So when my characters traveled to Istanbul, Keith and I figured that the Ottomans needed their own style. Since they ultimately joined the Germans, we figured they had to be Clankers at heart. But they were on the fence for a few months in 1914, so I decided that Ottomans would make their machines in the form of animals, just to give the Darwinists a fighting chance. Thus the sultan’s power is based on an army of mechanical elephants:

This two-page image shows how rich Keith’s Clanker Istanbul is. We can see a minaret and mosque alongside the western-influenced residential architecture of the city, and in the background a pair of Iron Golems guarding a Jewish neighborhood. Istanbul in 1914 was a true multicultural city, so each religion has its own Clanker style. My favorite is possibly the Kurdish battle walker, based on the goddess Şahmeran, shown here in a Steamed World Exclusive!

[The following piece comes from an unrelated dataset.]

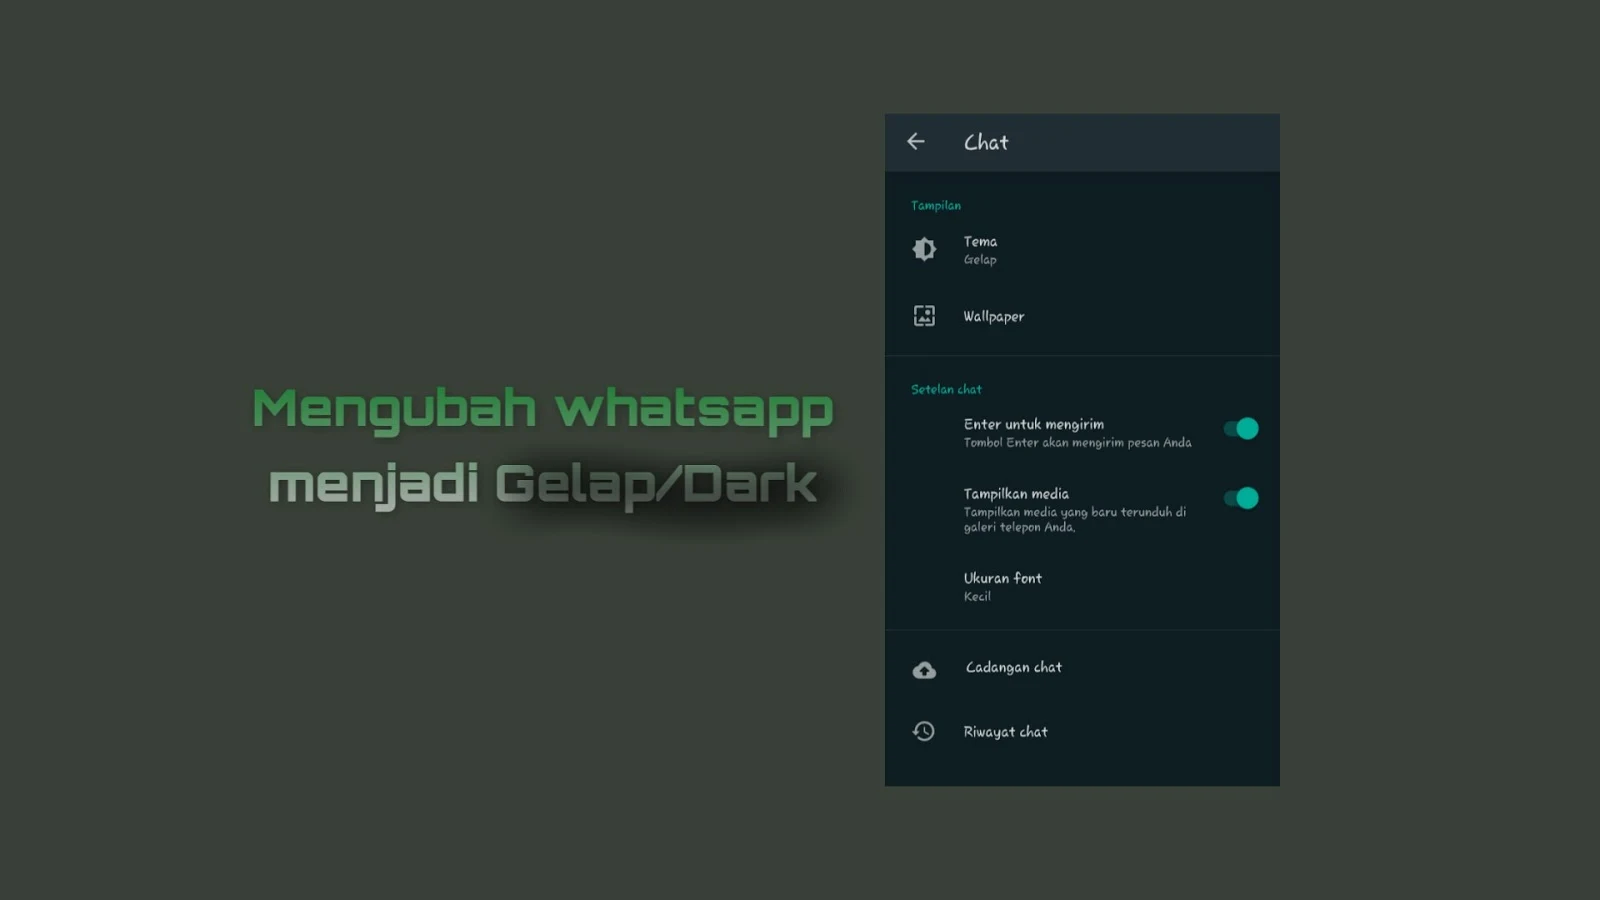 Whatsapp menjadi gelap

One of the great things about illustrated books is how the themes in the text are reinforced by the art. In these last two images you can see the conflict that the Ottomans face: Are they steely, functional Clankers or sensuously styled Darwinists? They have bits of both, of course, so choosing sides in the great war won’t be easy.

Without being too spoiler-y, I’ll reveal that in the third book of the series, Goliath, His Majesty’s Airship Leviathan continues on its travels around the globe. There should be many more styles to discover along the way.